Scrappy Little Nobody
- Author: Anna Kendrick
- Audio read by: Anna Kendrick
- Publisher: Touchstone Books, an imprint of Simon & Schuster
- Publication date: November 15, 2016
- Media type: Hardcover, audiobook, eBook
- ISBN: 978-1-5011-1720-6
- OCLC: 946903044
- Website: scrappylittlenobody.com; Scrappy Little Nobody at Google Books

= Scrappy Little Nobody =

Book by Anna Kendrick

Scrappy Little Nobody is a 2016 memoir by Anna Kendrick, comprising "a collection of autobiographical essays". An audiobook read by Kendrick was released along with the book.
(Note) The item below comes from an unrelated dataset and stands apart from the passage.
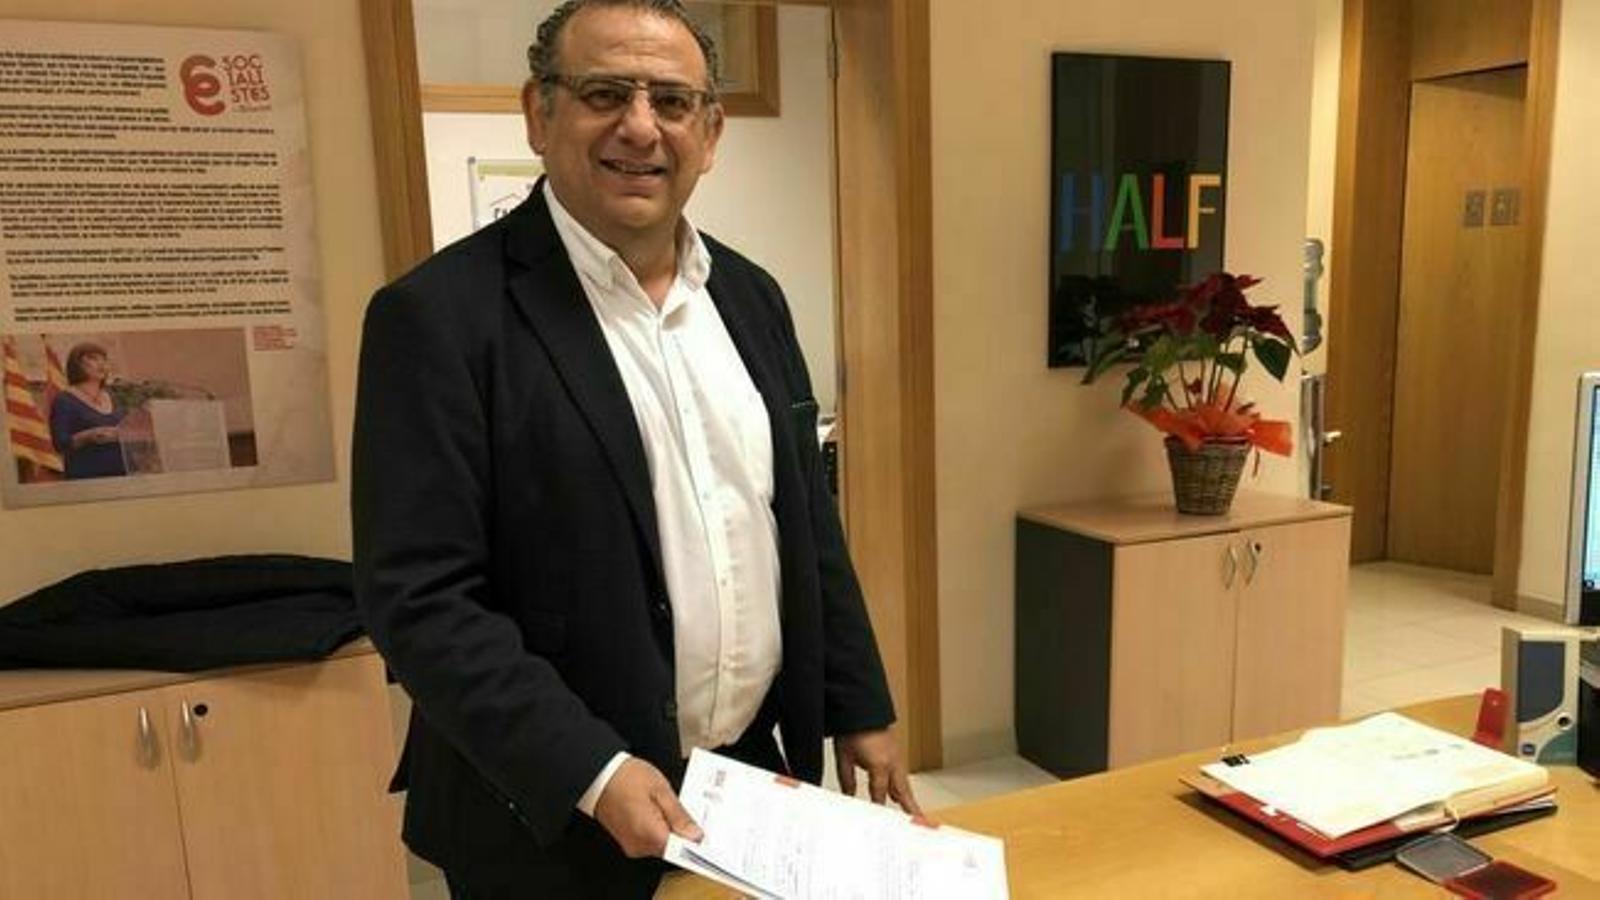 Alfonso Rodríguez, batle de Calvià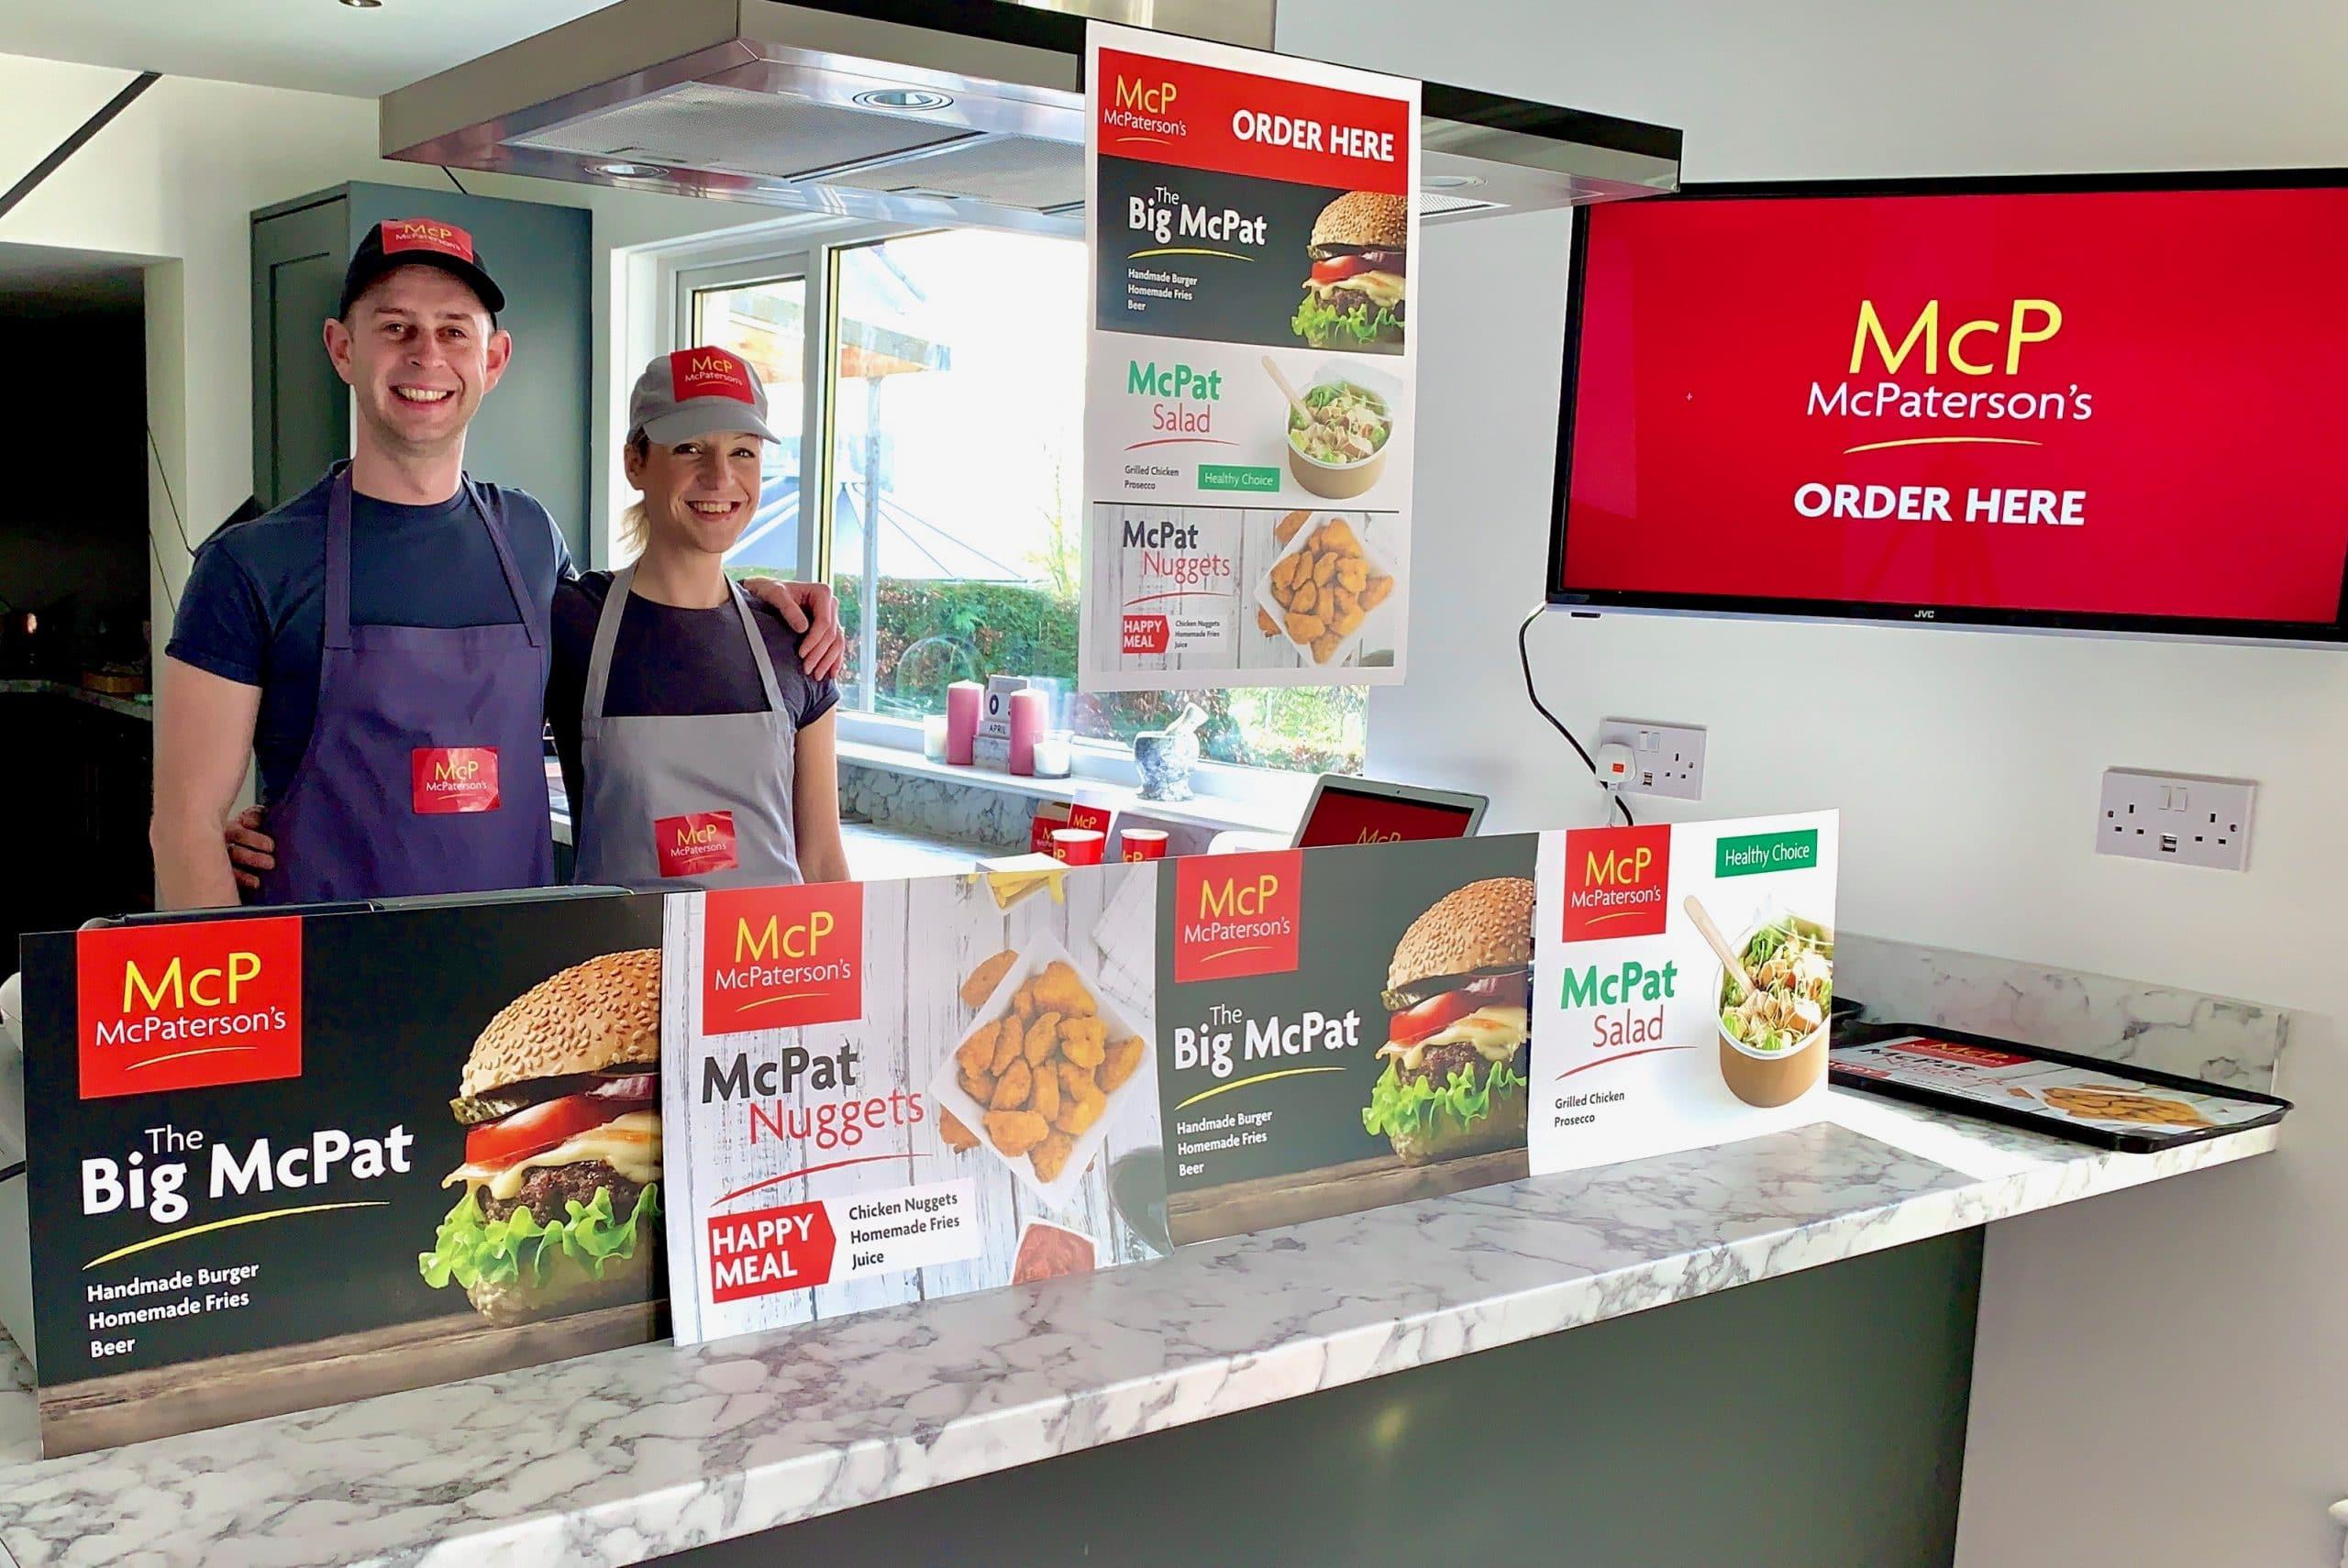 In-house McDonalds restaurant

Kendrick said of the book: "My goals for this book were to make people laugh, to feel connected to people, and maybe get people to feel more connected to me." The book covers Kendrick's childhood in Maine, her Broadway career as a teenager, her film career, and performing and presenting at the Academy Awards.

== Reception ==
Alex McCown of The A.V. Club called Scrappy Little Nobody "worth reading", stating the book is "the tale of an unusual life and oddball persona rising to fame, and it's a damn entertaining one." Kirkus Reviews was more critical, saying that "her attempts at humor often fall flat", and that "Kendrick is a scrappy little somebody now, but she should stick to acting." Vogue described it as "a charming, funny and sometimes probing collection of personal essays." The Winnipeg Free Press complained that the book was "filled with one average anecdote after another", but praised how she was "beautifully candid about the struggles she went through regarding body image as a young, underdeveloped girl and the anxiety with which she continues to grapple". Susan Wloszczyna of Buffalo News called it a "semi-satisfying look at what happens when you become a relatively well-known performer at a young age."

In 2016, the book was second in the Goodreads Choice Awards with 23,353 votes in the Best Humor Category; the winner was The Girl with the Lower Back Tattoo by Amy Schumer.